Thomas looked around to his mother and smiled, and it seemed to Alice that she was most fortunate to have such a sweet child and she thought she would pay more attention than usual to his soul.

What do you peer out at through that mop of curly
hair, Thomas? Are there Angels about you? Caring for you? I do hope so, my lovely. I do hope so.

Alice sat down on the dusty ground beside her son, putting her arm around him. Thomas looked back at the space in the light just above him,
and Alice stared with him, asking that if God were nearby, to watch over this one of her children. And some other presence warmed her, and a little thread weaved a small part of her broken heart together.

Thank
you, Lord..

 

 

 

 

 

6

 

Those who have passed on through death,

have
a sphere of their own. It is not removed from ours;

but
it is sanctified from time and place.

‘Abdu’l-Bahá (1844

1921)

 

Timothy Watson
was not the child his parents imagined, nor indeed anyone. He was really very different.

He was also lucky. He did not have to feel pain in his life, and the love that was his particular birthright helped him connect to the world
of Light, and to a world of detailed imagery that other people did not see. This was not so uncommon for children that were born as Tim was, although Tim had particular assets and friends that even others like him did not. Being able to see the light and the space between things and the patterns in the spaces – these, many could see. Tim’s light spoke to him, and further, the rock in his life, which was his father, unwittingly strengthened his confidence in who Tim was and what he may be capable of.

Not only
did Tim receive light but sometimes when he became white enough with the light himself, he was able to reflect it back at his surroundings, like a pure white wall that reflected light but did not absorb it. Tim as yet had no comprehension of this ability, but in this way he could change things in his surroundings – little things that no one noticed, like making people happy. Tim could do that in the same way the light made him happy. People around him would think themselves delighted because he was a joyful soul and something beautiful and innocent to watch and even to feel blessed by. They would go away feeling they had made a special connection with a poor wee boy who had not much life to expect for himself, and they would condescend to imagine they had provided some mature, charitable, and useful support to his poor parents. They satisfied themselves they were not so cruel as others or ignorant, but knowing all the while – not so deep within themselves – that they could not have coped with a child such as this. Indeed, that they would have been embarrassed if people knew they had a child like Tim. And all the while they believed it was they who brought some light into the child’s day, not the opposite.

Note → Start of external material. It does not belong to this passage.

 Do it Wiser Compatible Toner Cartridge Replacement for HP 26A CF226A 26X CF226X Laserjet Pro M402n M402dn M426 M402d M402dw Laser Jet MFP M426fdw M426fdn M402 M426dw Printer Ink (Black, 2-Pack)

They also thought that inside
little Timmy’s head there was nothing much at all.

 

 

             
‘Jesus, Pete. You’re here all bloody day! It’s not that hard to fold the fucking washing, is it?! It’s not like I can come through the door and not notice this bloody great mountain, y’know. Does it not bother you? Can you not see it?’

Pete was hammered into unavoidable silence.

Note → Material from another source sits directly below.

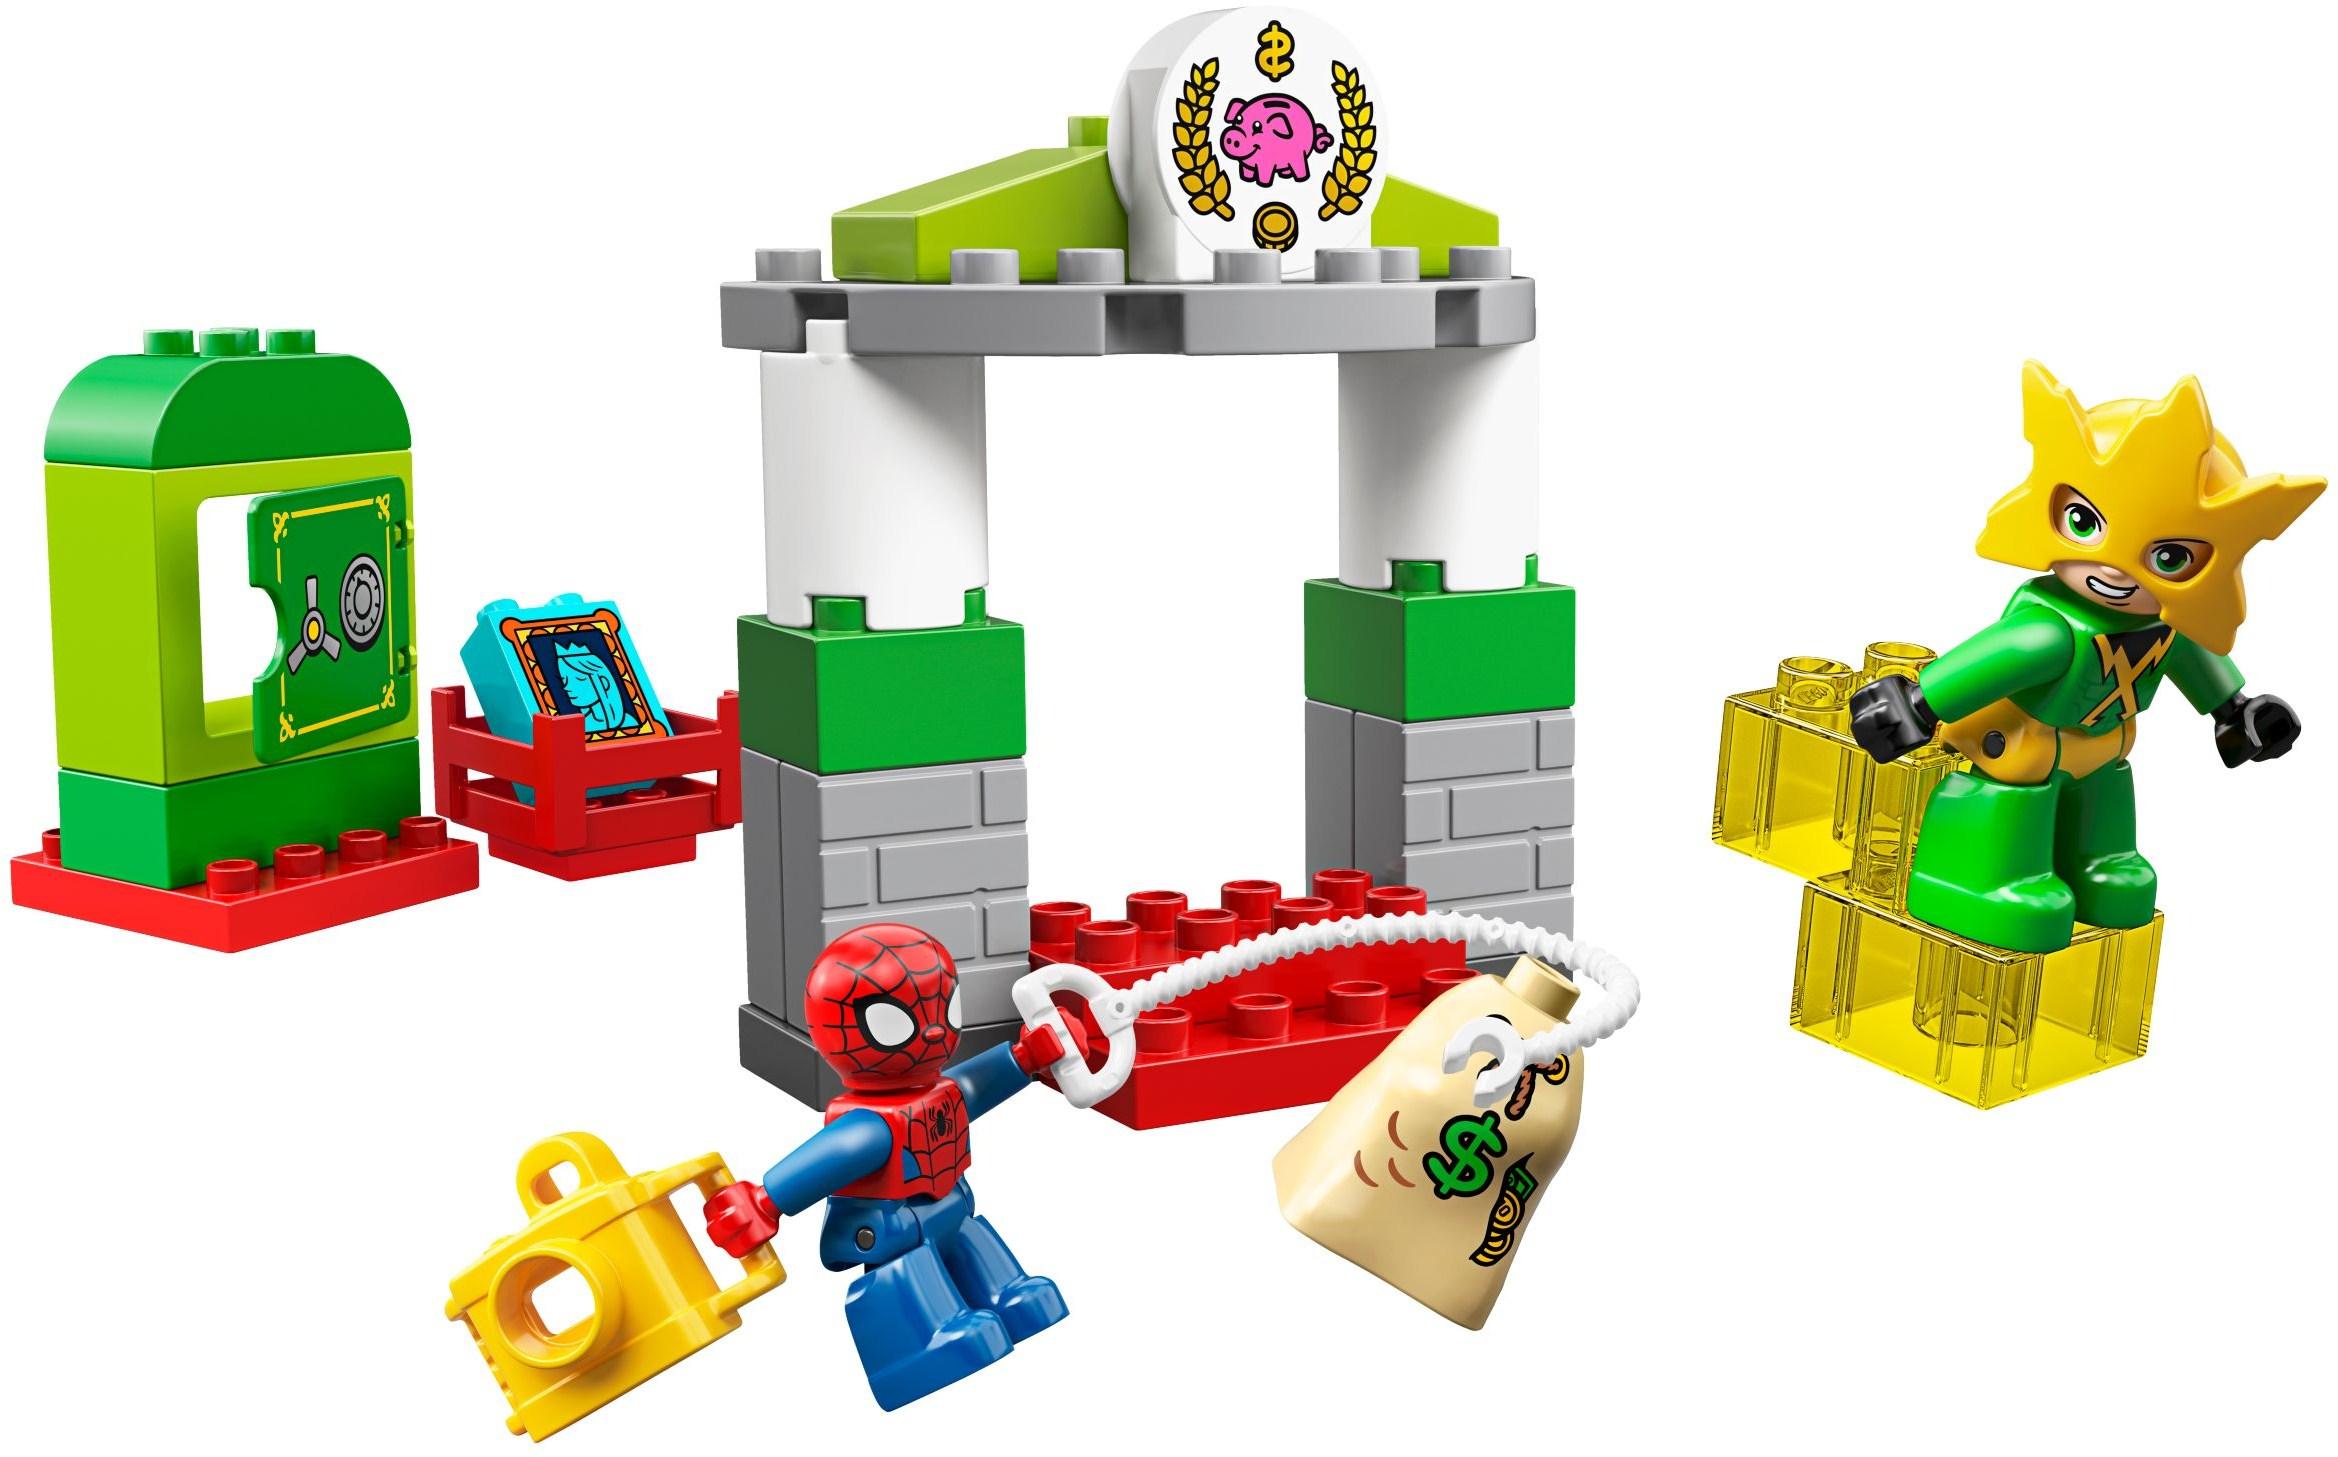 2019 Brickset Lego Set Guide And Database

‘Oh, fuck it! I suppose I’ll just do it my bloody self then!’

Searching hopelessly for an opportunity to redeem not himself but the situation – since he was of the view that the presence of a mountain of unfolded washing did not warrant a barrage of this proportion – Pete sought to create some opportunity
for Alicia to retreat from her attack position and recreate some common ground between them.

At this point though they succeeded only in widening their no
-man’s-land as Alicia inwardly fumed at what she took as Pete’s refusal to rise to any admission of accountability with regard to washing – or any fundamental of housework – and Pete remained silent, bereft in fact of possible solutions or ameliorative response.

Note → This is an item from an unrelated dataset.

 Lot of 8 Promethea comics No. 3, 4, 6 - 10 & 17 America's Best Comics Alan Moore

Alicia had arrived home a minute before. Jillie had come out from the living room where she was playing
with Tim, and hugged and greeted her mother before returning to her play. Proceeding into their large kitchen and family space at the rear of the house, Alicia found Pete studying the evening newspaper with both the radio and the television news going. Pete was pleased to see his wife. He’d felt a momentary joy even at the sound of the front door opening, but as he tracked Alicia’s journey up the hallway, bit by bit he felt that sense recede, first with the rapid internal judgement of the quality of Alicia’s response to Jillie, then the fact that she did not call out her arrival, which would have been usual. By the time the washing pile monologue was launched he found himself contemplating some murky descent that had been sailing into his consciousness increasingly regularly.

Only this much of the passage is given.